Наконец появляются «бобби»; их трое, и каким же жалким существом предстаю я перед ними: несчастный, промокший, весь в крови. Я рассказываю им все как было… и ощущаю себя полным придурком. (Но я и есть придурок!) Сначала они мне не верят, но потом до них доходит, что никто, даже американец, не смог бы придумать такого идиотского объяснения.

Они весьма любезно доставляют меня в больницу святой Марии, расположенную возле станции метро Паддингтон, где мне накладывают несколько швов и пластырь-повязку, напоминающую формой и размером коньячный бокал. Мой бедный нос сломан уже во второй раз за срок, не превышающий трех месяцев. Там же мне выписывают рецепт на приобретение очень сильного обезболивающего, так что мучения того стоят.

* * *

Изрядно обмотанный бинтами, все еще пьяный и к тому же напичканный кодеином, я заваливаюсь в дом Ашер-Соумсов, как и было запланировано ранее. Я не соображаю, что весь перепачкан кровью, а кроме того, опоздал на два часа.

Их дом в Болтонсе — это маленький, покрытый листвою рай: высотой в три этажа и весь белый, как кость — в точности такой, каким я его себе представлял. Повсюду террасы с колоннами, балконы, подрагивающие кружевные занавески и дивные выступающие окна. Ночью, когда луна льет разбавленный туманом свет на все это великолепие, он похож на огромный свадебный торт. Поместье Ашер-Соумсов глядит прямо на церковь святой Марии Болтонской, изящную постройку из позеленевшего от времени камня.
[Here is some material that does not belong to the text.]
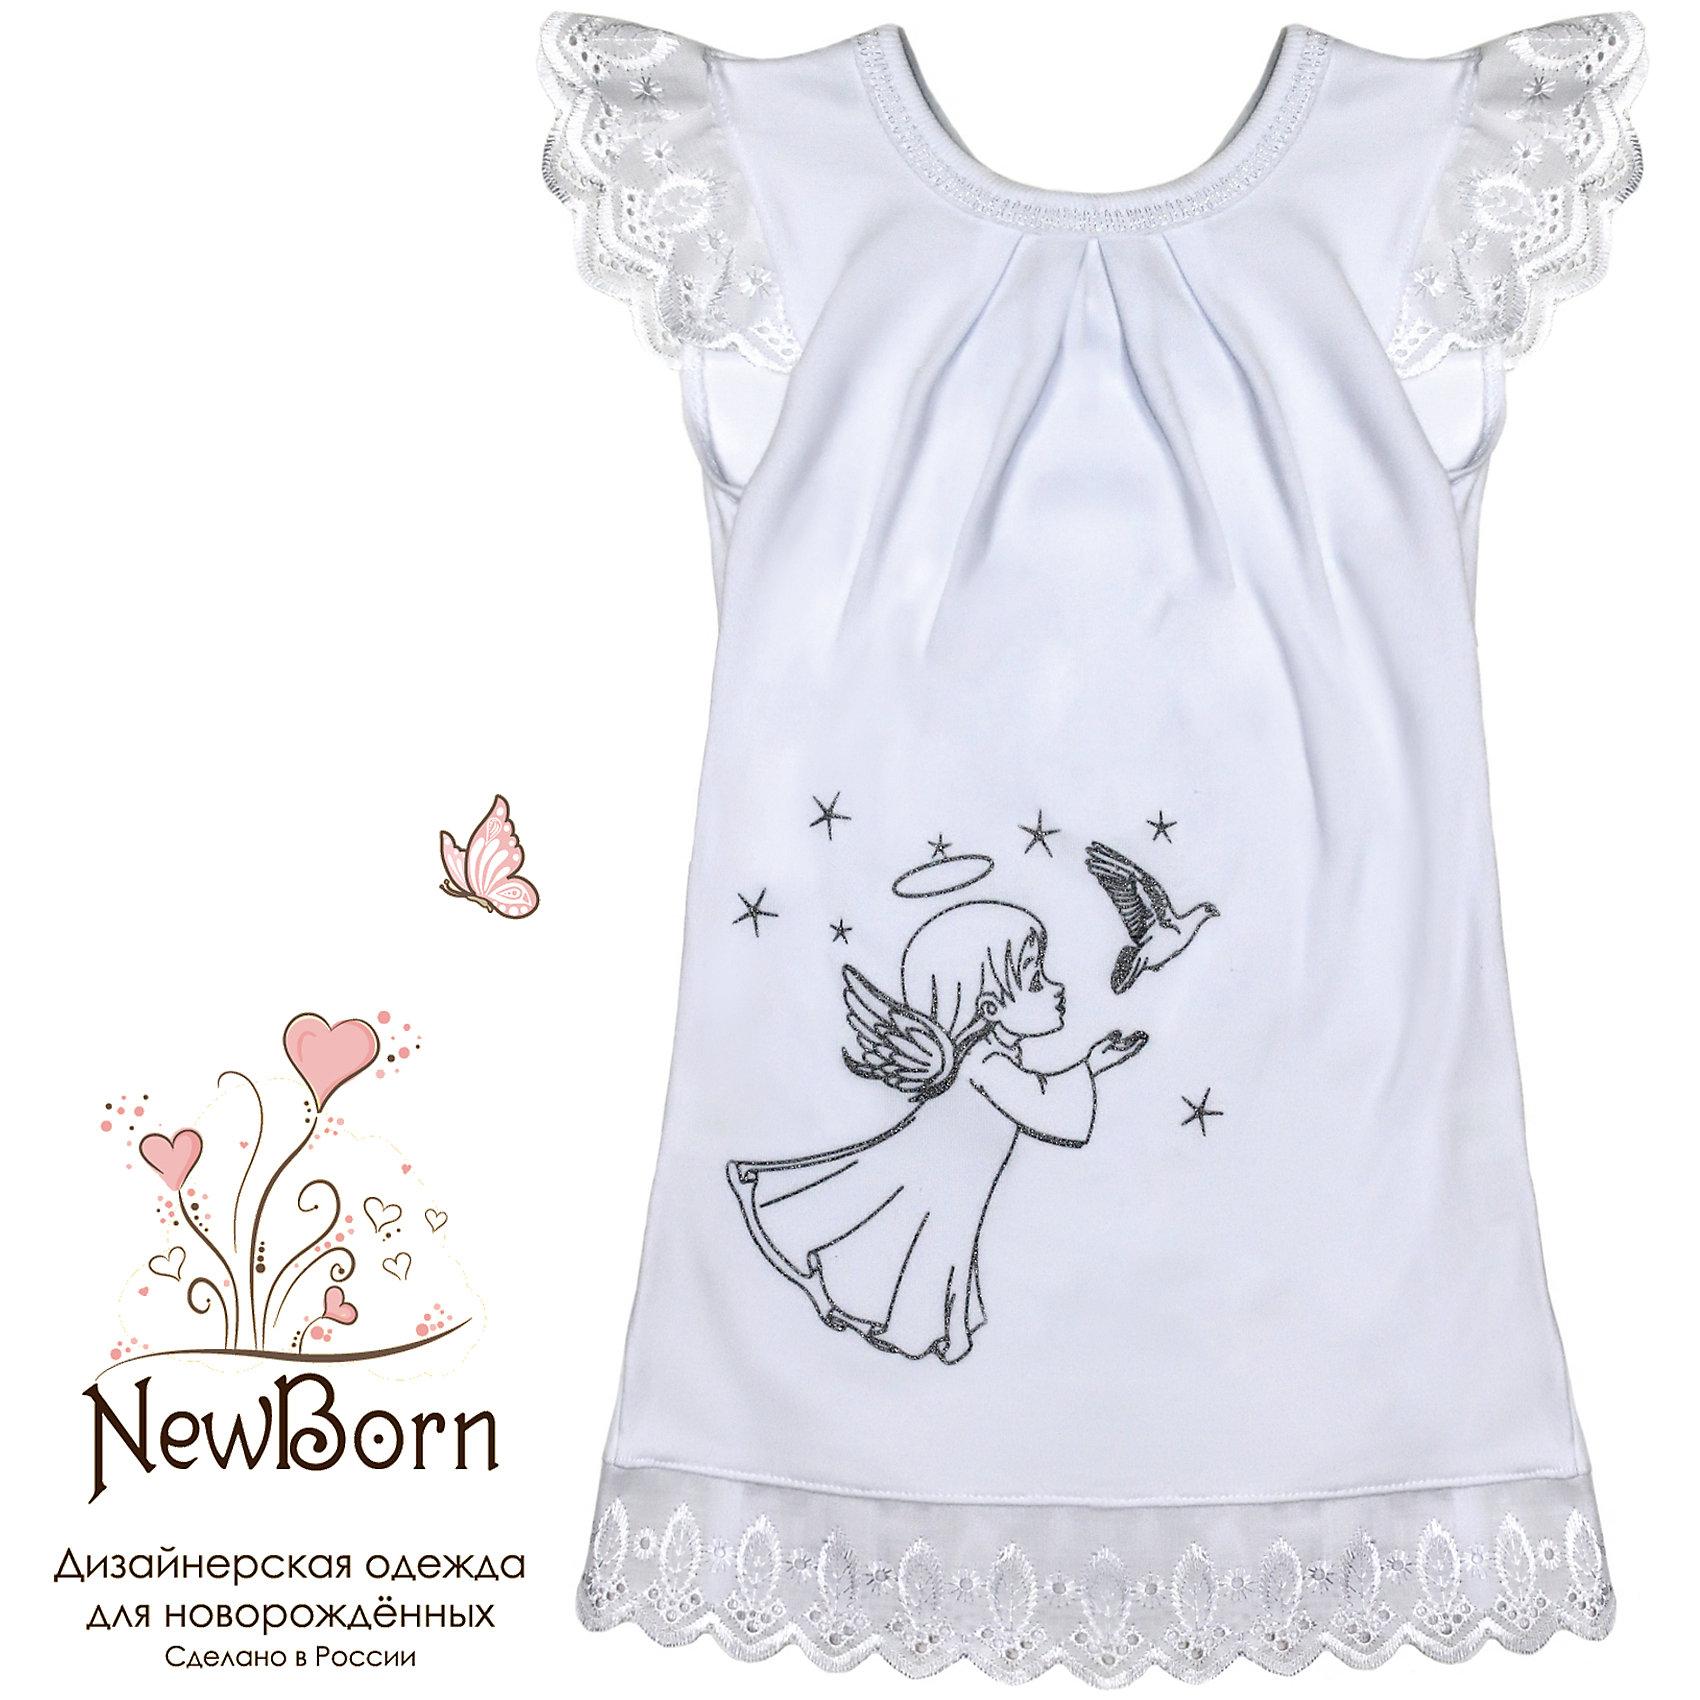 Крестильное платье, шитье, р-р 74, NewBorn, белыйХарактеристики:<br><br>• Вид детской одежды: платье с капюшоном<br>• Предназначение: для крещения<br>• Коллекция: NewBorn<br>• Сезон: круглый год<br>• Пол: для девочки<br>• Тематика рисунка: ангелы<br>• Размер: 74<br>• Цвет: белый, серый<br>• Материал: трикотаж, хлопок<br>• Длина рукава: без рукавов<br>• Декорировано шитьем<br>• Передняя полочка украшена термонаклейкой в виде ангела<br>• Особенности ухода: допускается деликатная стирка без использования красящих и отбеливающих средств<br><br>Крестильное платье, шитье, р-р 74, NewBorn, белый из коллекции NewBorn от отечественного швейного производства ТексПром предназначено для создания праздничного образа девочки во время торжественного обряда крещения. Платье представлено в коллекции NewBorn, которая сочетает в себе классические и современные тенденции в мире моды для новорожденных, при этом при технологии изготовления детской одежды сохраняются самые лучшие традиции: свободный крой, внешние швы и натуральные ткани. Платье выполнено из трикотажа, круглый вырез горловины обработан трикотажной бейкой белого цвета. Праздничный образ создается за использования в отделке платья шитья белого цвета: им оформлены рукава-крылышки и низ платья, передняя полочка декорирована термонаклейкой в виде ангела. <br><br>Крестильное платье с капюшоном, тесьма, р-р 74, NewBorn, белый можно купить в нашем интернет-магазине.<br><br>Ширина мм: 220<br>Глубина мм: 5<br>Высота мм: 400<br>Вес г: 200<br>Возраст от месяцев: 6<br>Возраст до месяцев: 9<br>Пол: Женский<br>Возраст: Детский<br>SKU: 4912531

Кажется, что я вовсе не в городе, а парю на облаке над местами обетованными.

Но в тот момент, когда я из последних сил жму на кнопку звонка, я уже не в состоянии ни видеть, ни мыслить нормально. Я жду, прислонившись к входной двери так, что, когда она открывается, вваливаюсь в фойе, как колотушка.

— Что вам угодно? — произносит высокий бледный мужчина в темном костюме и с большой круглой шишкой под правым глазом.

— Я пришел, чтобы увидеться с Ашер-Соумсами. Вы скажете им, что я опоздал? — обращаюсь я к дворецкому. — Мое имя Захарий Пост.

— Я — Тревор Ашер-Соумс, — говорит он, ошарашенный моим внешним видом. — И мы уже хорошо осведомлены о вашем опоздании.

Только сейчас до меня доходит, что я должен был известить их об этом заранее.

— Что, ради всего святого, случилось с вашим носом? — спрашивает он, пока я делаю несколько неуверенных шагов, держась за стены, дабы удержать равновесие, и оставляя на них грязные отпечатки ладоней.

— Я сломал его, пытаясь получить несколько сшитых на заказ рубашек. Эти портные здесь… они такие грубые.

— Не угодно ли вам вытереть ноги?

Я возвращаюсь назад, шаркаю ногами по ворсистому черному коврику с изображением семейного герба (или это просто улыбающаяся мордашка?) и вхожу в дом… мои мокрые туфли издают громкие чавкающие звуки.

— Лилия! — выкрикивает Тревор. (Пока он кричит, я пытаюсь определить, что же это такое на его правой щеке.) — Лилия!